Details
- Event name: Hi-Tec Australian Open 2012
- Location: Canberra Australia
- Venue: National Convention Centre
- Website www.australiansquashopen.com

Men's Winner
- Category: International 70
- Prize money: $70,000
- Year: World Tour 2012

= 2012 Men's Australian Open (squash) =

The Men's Australian Open 2012 is the men' edition of the 2012 Australian Open, which is a tournament of the PSA World Tour event International (Prize money: $70,000). The event took place in Canberra in Australia from 13 to 18 August.
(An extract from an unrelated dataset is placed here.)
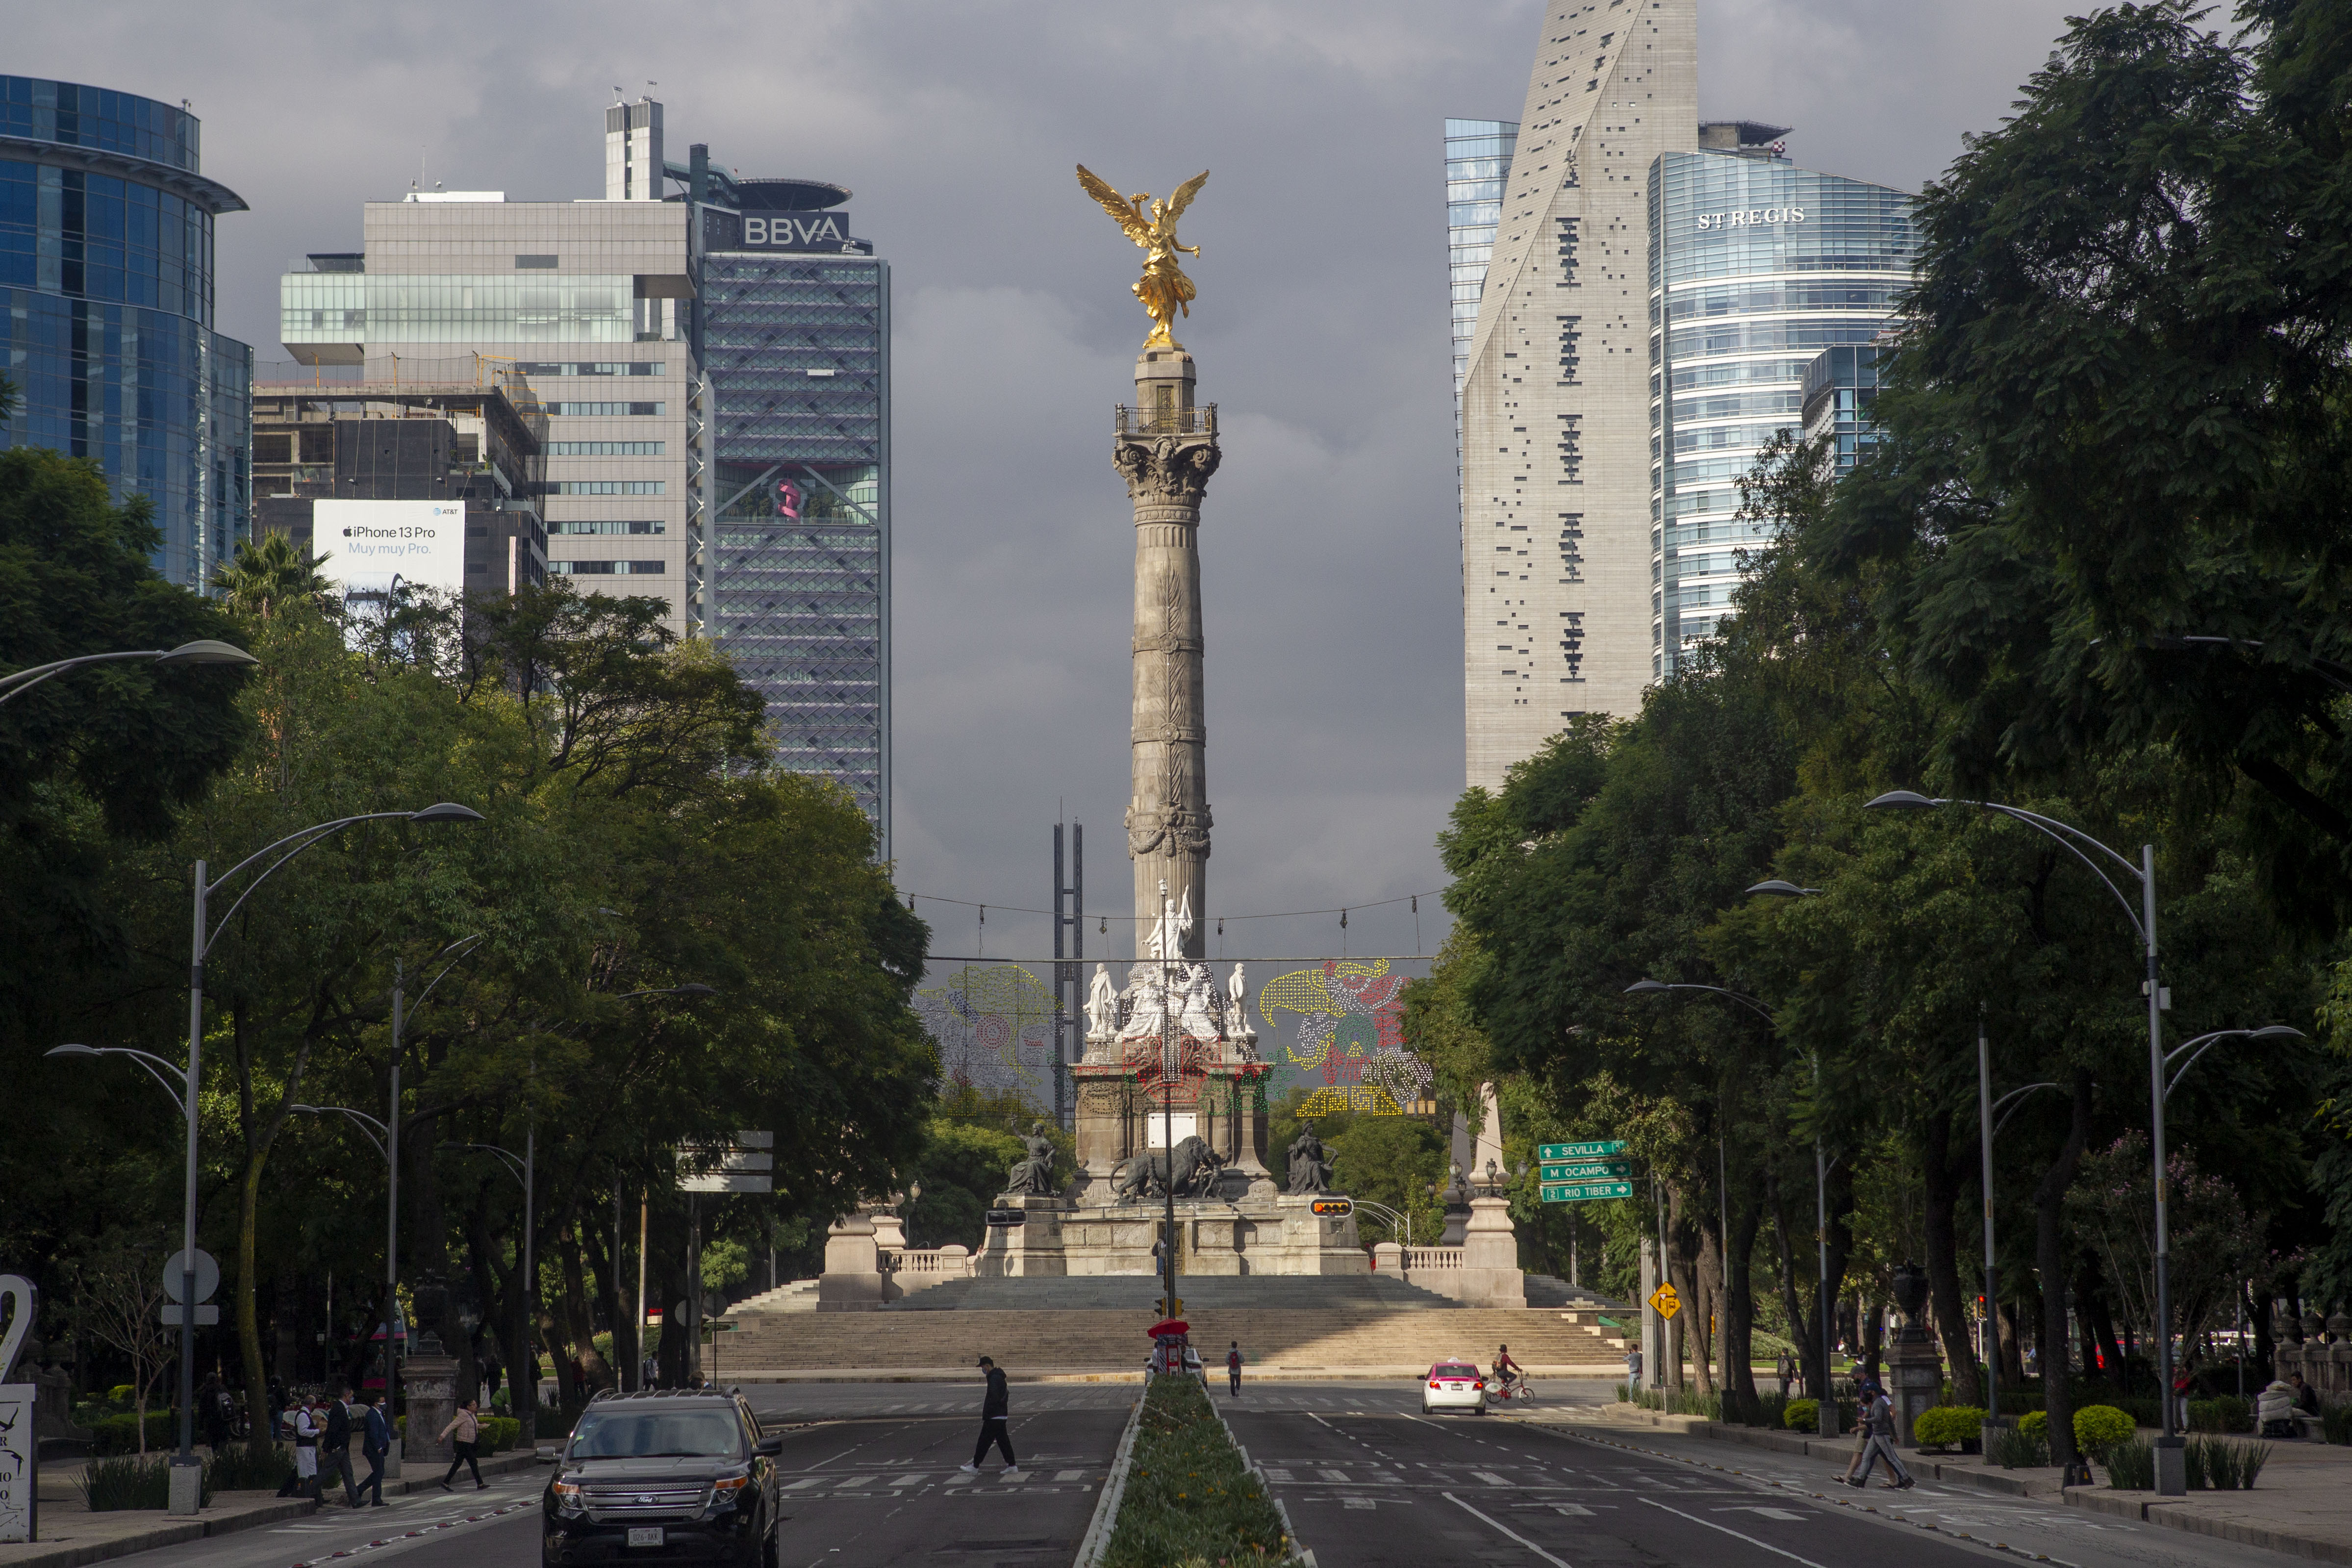 Ciudad de México, octubre 5, 2021.Después de ser cerrado por dos años, el Ángel de la Independencia reabrió el paso al público, donde turistas y capitalinos se detuvieron para realizar fotografías.Foto: Karina Hernández / Infobae

Ramy Ashour won his second Australian Open trophy, beating Omar Mosaad in the final.

==Prize money and ranking points==
For 2012, the prize purse was $70,000. The prize money and points breakdown is as follows:

Prize Money Australian Open (2012)
| Event | W | F | SF | QF | 2R | 1R |
| Points (PSA) | 1225 | 805 | 490 | 300 | 175 | 90 |
| Prize money | $10,940 | $7,185 | $4,375 | $2,655 | $1,565 | $780 |

==Seeds==

1. EGY Ramy Ashour (champion)
2. EGY Omar Mosaad (final)
3. ENG Tom Richards (semifinals)
4. AUS Cameron Pilley (semifinals)
5. MAS Ong Beng Hee (quarterfinals)
6. SUI Nicolas Müller (quarterfinals)
7. SCO Alan Clyne (quarterfinals)
8. MAS Mohd Nafiizwan Adnan (second round)

==See also==
- PSA World Tour 2012
- Australian Open (squash)
- 2012 Women's Australian Open (squash)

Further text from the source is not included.